__Task inputs__
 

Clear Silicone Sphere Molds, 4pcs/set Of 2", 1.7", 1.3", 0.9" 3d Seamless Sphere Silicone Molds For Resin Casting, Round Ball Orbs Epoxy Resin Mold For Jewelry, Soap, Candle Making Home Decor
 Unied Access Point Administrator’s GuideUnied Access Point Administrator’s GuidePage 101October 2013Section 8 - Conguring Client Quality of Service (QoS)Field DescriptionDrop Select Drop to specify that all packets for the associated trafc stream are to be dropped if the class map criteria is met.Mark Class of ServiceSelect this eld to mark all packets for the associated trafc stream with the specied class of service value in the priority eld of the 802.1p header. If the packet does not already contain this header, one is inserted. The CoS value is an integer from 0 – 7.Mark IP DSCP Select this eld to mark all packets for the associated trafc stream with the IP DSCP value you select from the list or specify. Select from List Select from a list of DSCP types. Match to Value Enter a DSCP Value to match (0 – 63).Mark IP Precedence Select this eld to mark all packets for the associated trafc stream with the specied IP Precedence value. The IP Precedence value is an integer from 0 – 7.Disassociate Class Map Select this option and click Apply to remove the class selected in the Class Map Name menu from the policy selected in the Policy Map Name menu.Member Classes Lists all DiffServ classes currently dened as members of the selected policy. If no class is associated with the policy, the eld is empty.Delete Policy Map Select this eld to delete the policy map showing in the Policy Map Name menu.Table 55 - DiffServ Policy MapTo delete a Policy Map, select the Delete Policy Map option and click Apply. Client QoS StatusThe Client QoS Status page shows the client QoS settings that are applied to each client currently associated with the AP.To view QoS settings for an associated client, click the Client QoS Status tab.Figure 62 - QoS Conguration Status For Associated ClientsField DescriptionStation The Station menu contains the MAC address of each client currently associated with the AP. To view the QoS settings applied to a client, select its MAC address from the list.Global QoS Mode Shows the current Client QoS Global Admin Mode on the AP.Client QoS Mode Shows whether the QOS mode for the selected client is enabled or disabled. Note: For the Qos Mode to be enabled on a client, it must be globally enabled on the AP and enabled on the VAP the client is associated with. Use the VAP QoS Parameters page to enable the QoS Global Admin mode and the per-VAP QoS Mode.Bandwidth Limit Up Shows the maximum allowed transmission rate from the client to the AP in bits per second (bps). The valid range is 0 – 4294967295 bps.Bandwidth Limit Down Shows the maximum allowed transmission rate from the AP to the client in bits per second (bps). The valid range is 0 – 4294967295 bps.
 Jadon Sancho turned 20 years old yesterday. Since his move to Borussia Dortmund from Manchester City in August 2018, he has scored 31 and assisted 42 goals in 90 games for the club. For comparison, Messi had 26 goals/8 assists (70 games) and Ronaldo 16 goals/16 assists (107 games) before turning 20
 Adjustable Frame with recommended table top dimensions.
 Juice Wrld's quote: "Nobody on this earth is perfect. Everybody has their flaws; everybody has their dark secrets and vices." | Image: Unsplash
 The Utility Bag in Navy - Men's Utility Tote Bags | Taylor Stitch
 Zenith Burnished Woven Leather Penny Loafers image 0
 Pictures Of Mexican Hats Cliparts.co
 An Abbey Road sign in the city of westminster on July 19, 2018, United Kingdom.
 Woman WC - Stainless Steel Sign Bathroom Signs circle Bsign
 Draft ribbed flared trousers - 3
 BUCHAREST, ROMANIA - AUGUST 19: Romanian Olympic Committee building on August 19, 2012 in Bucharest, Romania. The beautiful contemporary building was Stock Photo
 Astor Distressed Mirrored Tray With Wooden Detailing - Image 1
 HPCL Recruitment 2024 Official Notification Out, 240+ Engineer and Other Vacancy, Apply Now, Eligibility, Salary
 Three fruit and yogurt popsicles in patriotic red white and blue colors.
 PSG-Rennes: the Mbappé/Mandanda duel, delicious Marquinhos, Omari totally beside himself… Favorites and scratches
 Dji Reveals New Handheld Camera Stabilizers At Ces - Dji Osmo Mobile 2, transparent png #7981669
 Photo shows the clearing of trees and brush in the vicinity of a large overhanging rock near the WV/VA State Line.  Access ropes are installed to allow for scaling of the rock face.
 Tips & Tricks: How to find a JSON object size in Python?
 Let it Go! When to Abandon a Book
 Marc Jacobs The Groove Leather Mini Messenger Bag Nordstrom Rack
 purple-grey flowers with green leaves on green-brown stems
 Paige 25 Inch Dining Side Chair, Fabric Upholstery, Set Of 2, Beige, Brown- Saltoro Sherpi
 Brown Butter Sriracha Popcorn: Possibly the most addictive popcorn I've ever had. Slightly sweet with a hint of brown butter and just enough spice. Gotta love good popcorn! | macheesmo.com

__Task details__
Your response should be made up of the lines in the data that contain the word "Photo".

__Answer section__
 BUCHAREST, ROMANIA - AUGUST 19: Romanian Olympic Committee building on August 19, 2012 in Bucharest, Romania. The beautiful contemporary building was Stock Photo
 Photo shows the clearing of trees and brush in the vicinity of a large overhanging rock near the WV/VA State Line.  Access ropes are installed to allow for scaling of the rock face.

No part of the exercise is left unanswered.